To find a list of all the customers who have subscriptions, including ones that don't exist in the locations list as they pay using cash and hence cannot be tracked:

// List containing (customer_id, (last_name, subsription_card_name))
val as = List((101, ("Hanson", "Bart")), 
              (102, ("Thomas", "Clipper")), 
              (103, ("John", "ClipperVisa")),
              (104, ("Chu", "Clipper")))

val subscriptions = sc.parallelize(as) // Pair Rdd with key = customer_Id, value = (last_name, subsription_card_name)
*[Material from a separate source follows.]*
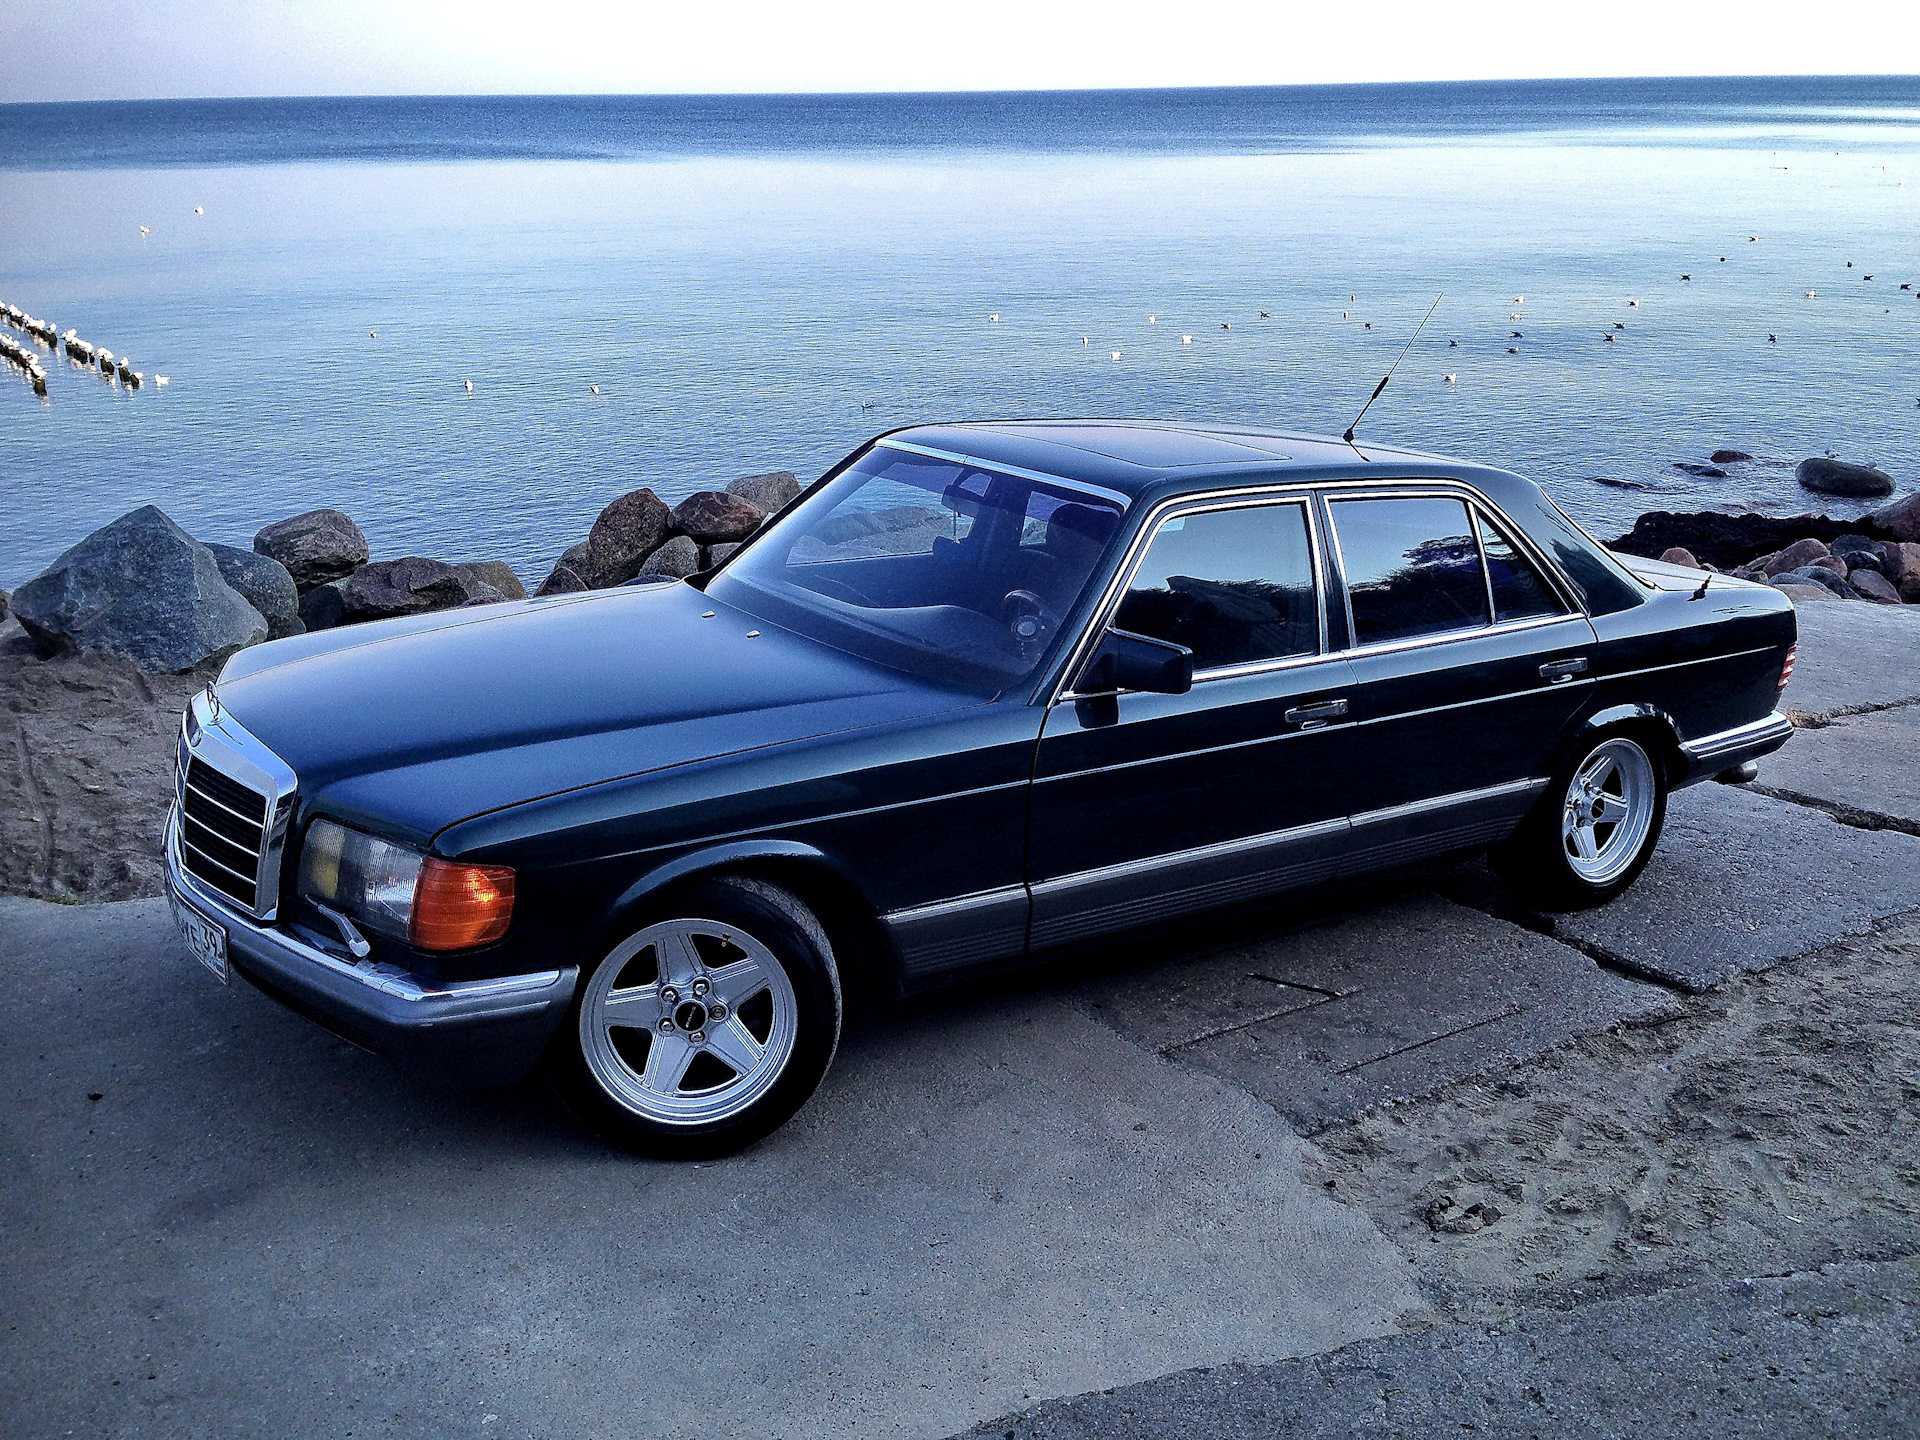 Тюнинговое ателье Inden Design обнародовало свою работу, законченную еще в 1991 году Это - Mercedes S-Class W126 1983 года выпуска Автомобиль выглядит

// List containing (customer_id, most_visited_city). Contains all customer who use cards and thus can be tracked.
val ls = List((101, "Chicago"), 
              (101, "SanFranciso"), 
              (102, "SantaClara"), 
              (102, "SanJose"), 
              (103, "MountainView"), 
              (103, "Monterey"))

val locations = sc.parallelize(ls)  // Pair Rdd with key = customer_Id, value = most_visited_city

// Here we have to call the leftOuterJoin, as we need all the customers who have subscriptions. The second element in the combination i.e. the value from the second list can be null, which is okay for our requirement.
val leftOuterJoinedRdd = subscriptions.leftOuterJoin(locations)
println("subscriptions.leftOuterJoin(locations)")
leftOuterJoinedRdd.collect().foreach(println)

Output:

subscriptions.leftOuterJoin(locations)
(104,((Chu,Clipper),None))                       // <-- second value element is None
(101,((Hanson,Bart),Some(Chicago)))
(101,((Hanson,Bart),Some(SanFranciso)))
(102,((Thomas,Clipper),Some(SantaClara)))
(102,((Thomas,Clipper),Some(SanJose)))
(103,((John,ClipperVisa),Some(MountainView)))
(103,((John,ClipperVisa),Some(Monterey)))

we use the left outer join when we want to keep all the information in the left Pair RDD, i.e. the one on which we call the join. In this case the right Pair RDD elements are optional i.e. they can be none. And vice versa for right outer join.